Artificial intelligence (AI) is doing what the tech-world Cassandras have been predicting for some time: It is sending out curve balls, leaving a trail of misadventures and tricky questions around the ethics of using synthetic intelligence. Sometimes, spotting and understanding the dilemmas AI presents is easy, but often it is difficult to pin down the exact nature of the ethical questions it raises.

We need to heighten our awareness around the changes that AI demands in our thinking. If we don’t, AI will trigger embarrassing situations, erode reputations and damage businesses.

Positive and Negative Results From Using AI

Two years ago, Amazon abandoned the AI tool it used to recruit employees. The tool, which the company trained using resumes submitted to the company over a decade, preferred male applicants. Recently, Twitter apologized for deploying an image cropping AI which preferred white faces over black. These are embarrassing (and unforgivable) outcomes of AI, but the ethical implications are clear.  
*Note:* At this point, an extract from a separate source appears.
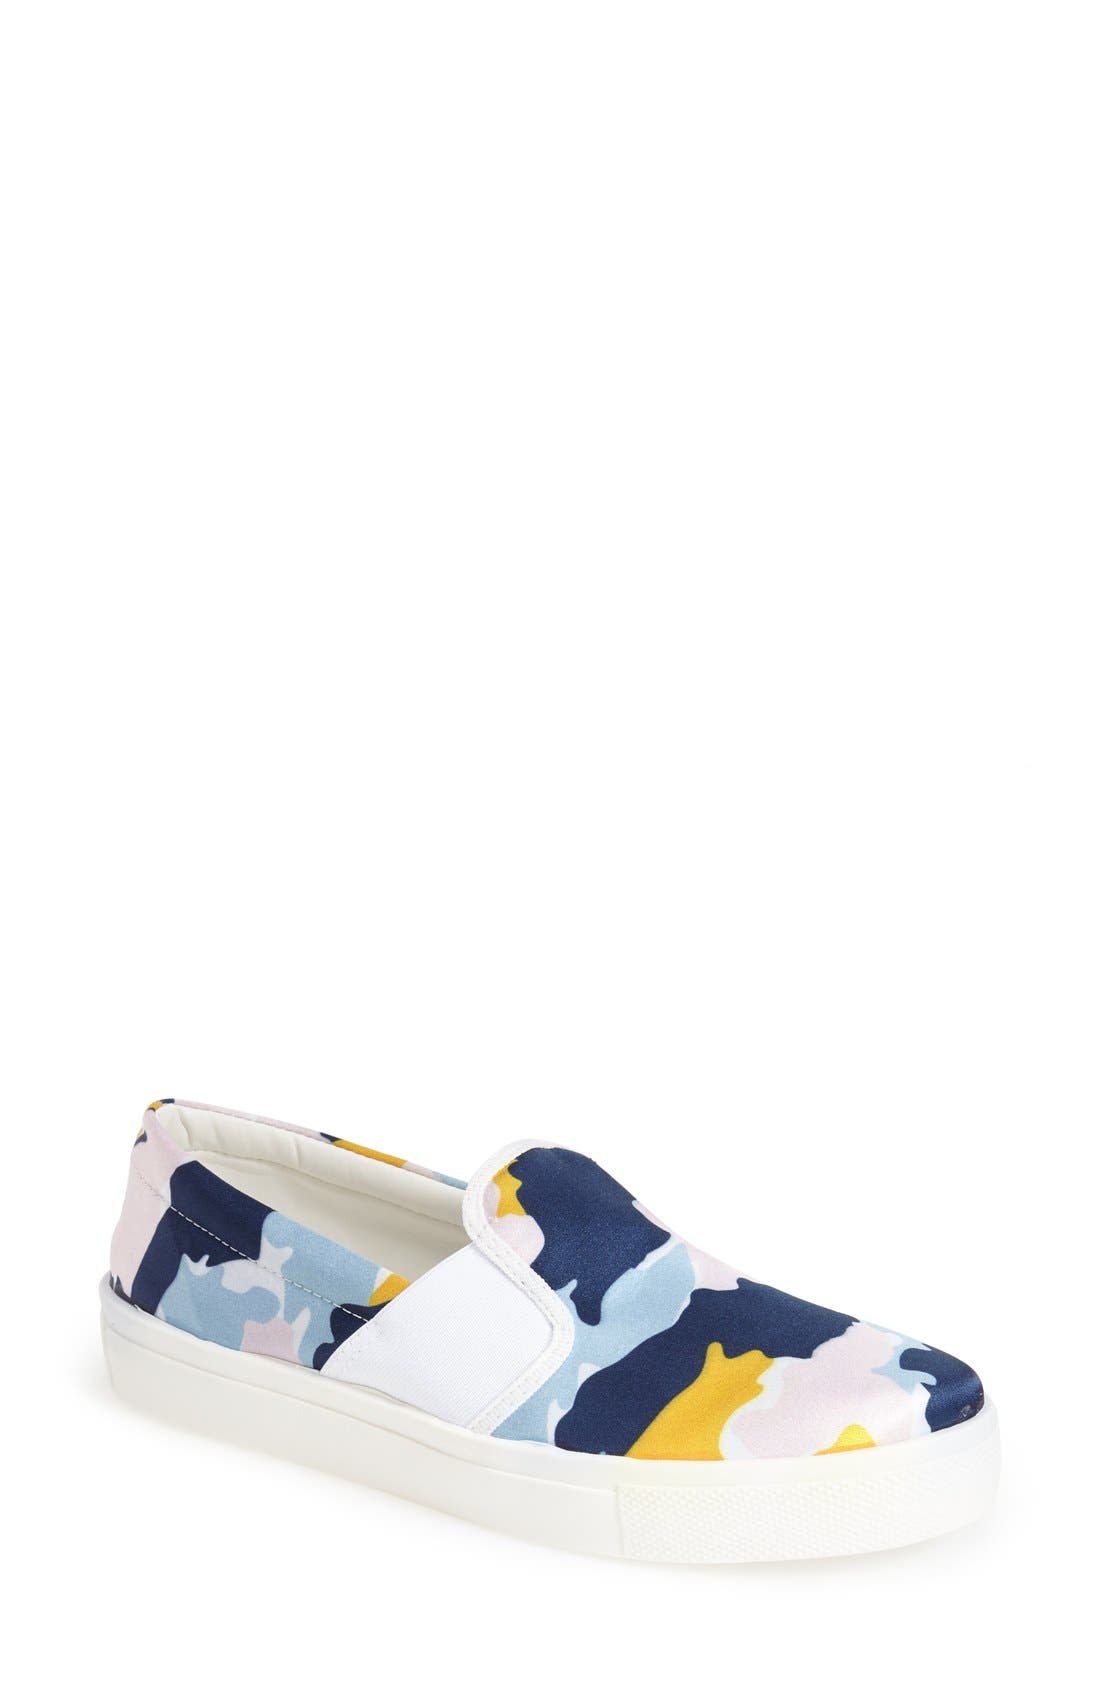 Alternate Image 1 Selected - Topshop 'Tiga - Smudge Print' Slip-On Skater Shoe (Women)

By contrast, the example of a South Korean national broadcaster, SBS, using AI to render songs in the voice of folk-rock singer Kim Kwang-Seok is delightful but considerably more complex. The popular singer has been dead for 25 years, yet continues to have a large fan following. SBS used 20 songs by Kim Kwang-Seok as a training tool and another 700 Korean folk songs to sharpen the accuracy of the AI. The AI now mimics any song in Kim Kwang-Seok’s style. A song, originally by Kim Bum-soo, rendered in the voice of Kim Kwang-Seok using AI, aired late in January. It was so perfect that it brought tears to the eyes of Kim Kwang-Seok fans. Music executives on the other hand were baffled: Who should the work be attributed to? Who owns the copyright for the work? Who will be paid royalties for the work? Will it be the AI programmer? The producer? For the curious, SBS paid a one-off fee to Kim Kwang-Seok’s family for borrowing his voice in the show. But publishing the song commercially presents perplexing questions. 
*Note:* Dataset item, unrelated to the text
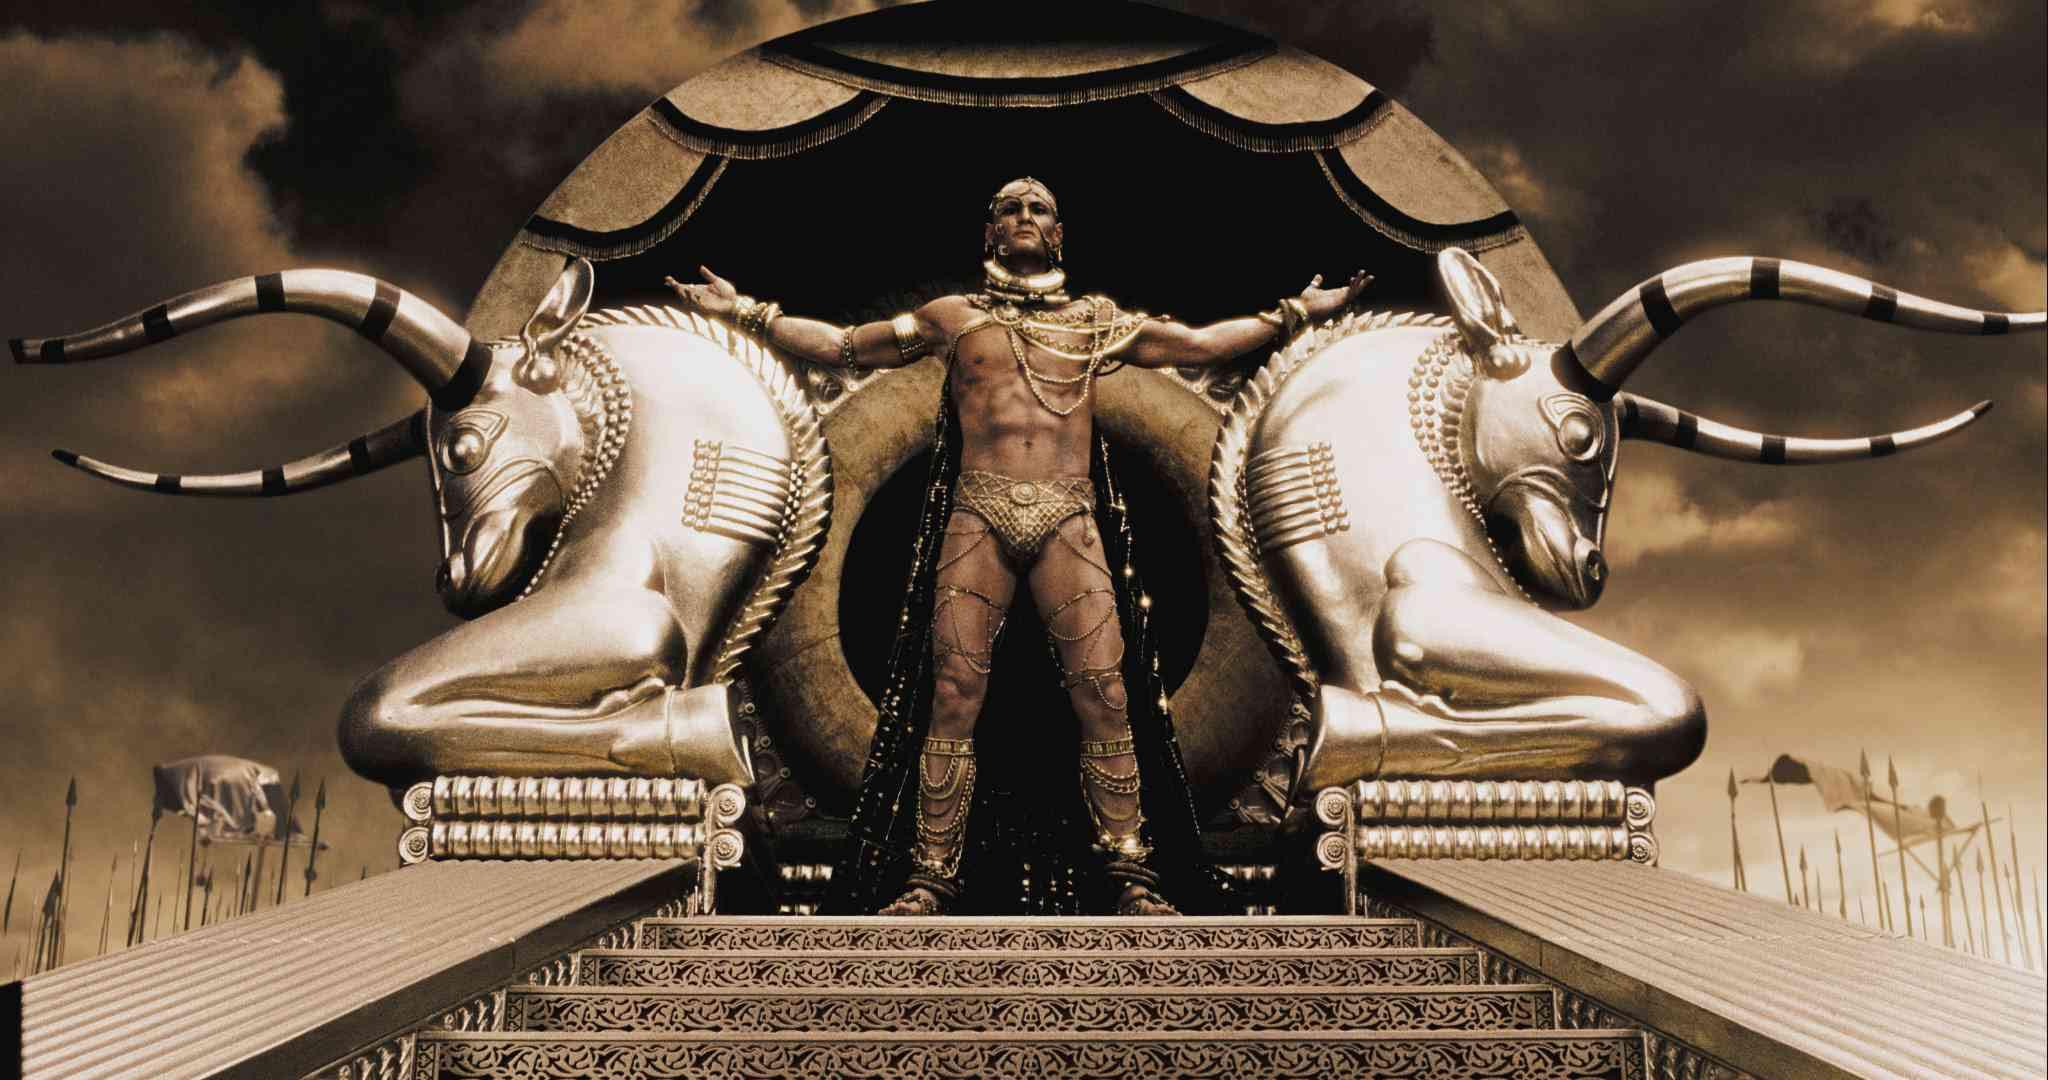 Rodrigo Santoro Plans to Reprise Xerxes In New \u2018300

Tomorrow’s songs need not necessarily be written by humans either. OpenAI’s text generators, like generative pre-training 3 (GPT-3), could use deep learning/machine learning to write original songs that appear to be penned by Kim Bum-soo or any other song writer. This opens limitless possibility to continue to produce work by an artist long after their death. Could this mean that AI can write and direct “2050: Beyond the Future” to keep alive the cinematic magic created by Arthur C. Clarke and Stanley Kubrick with “2001: A Space Odyssey”?
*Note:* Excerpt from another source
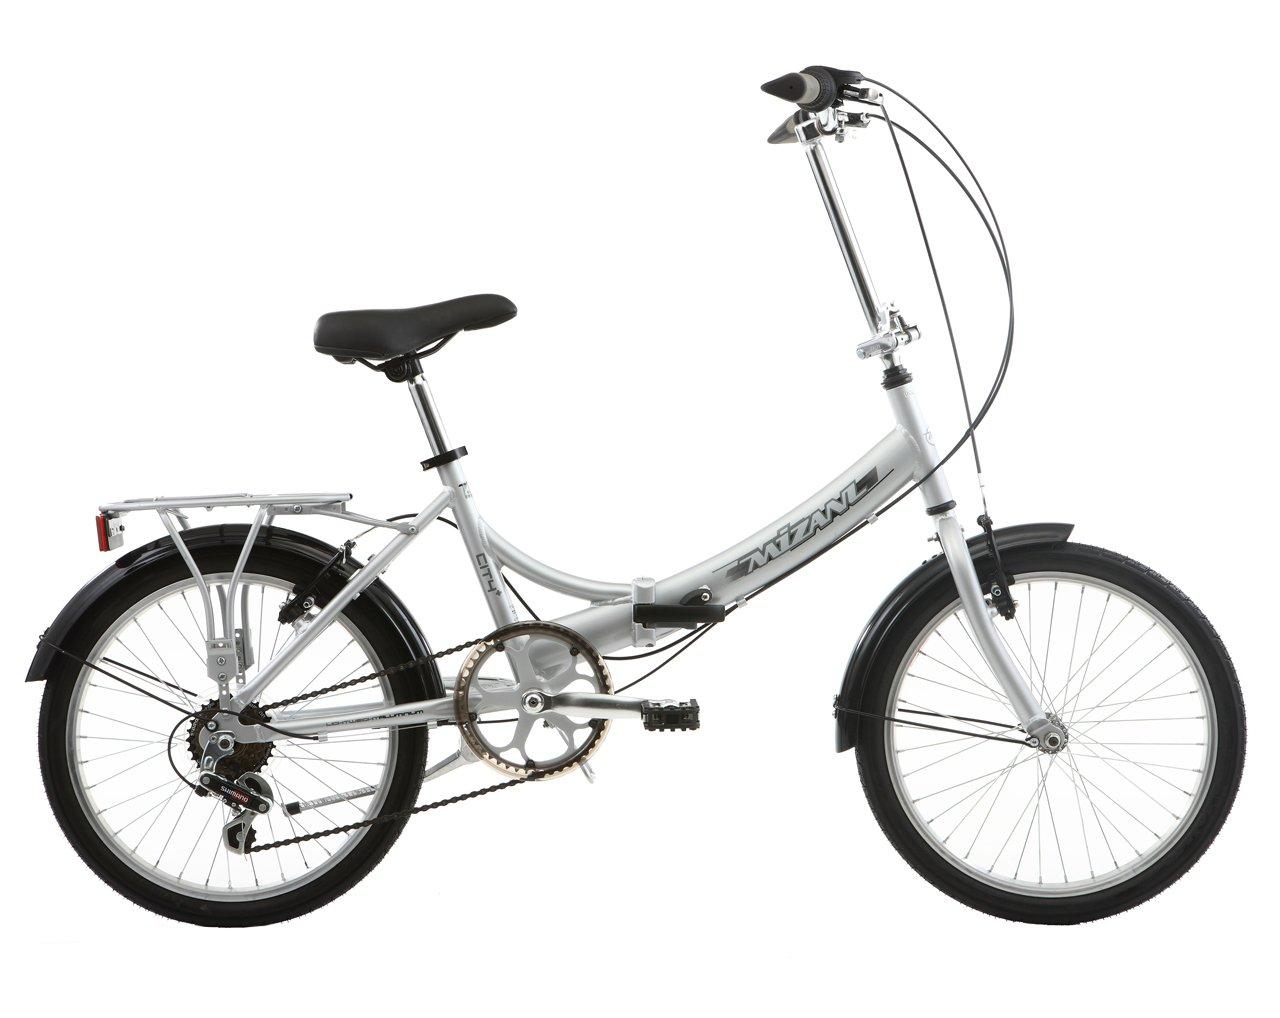 Bicicleta urbana plegable plata

GPT-3 has the potential to do that. Last June it sent powerful waves across the AI community when Sharif Shameem, the app development head of a startup, used it to construct a program by simply describing a UI in plain English. GPT-3 responded by spitting out JSX code. That code produced a UI matching what Shameem wanted. Shameen said, “I only had to write two samples to give GPT-3 context for what I wanted it to do. It then properly formatted all of the other samples.”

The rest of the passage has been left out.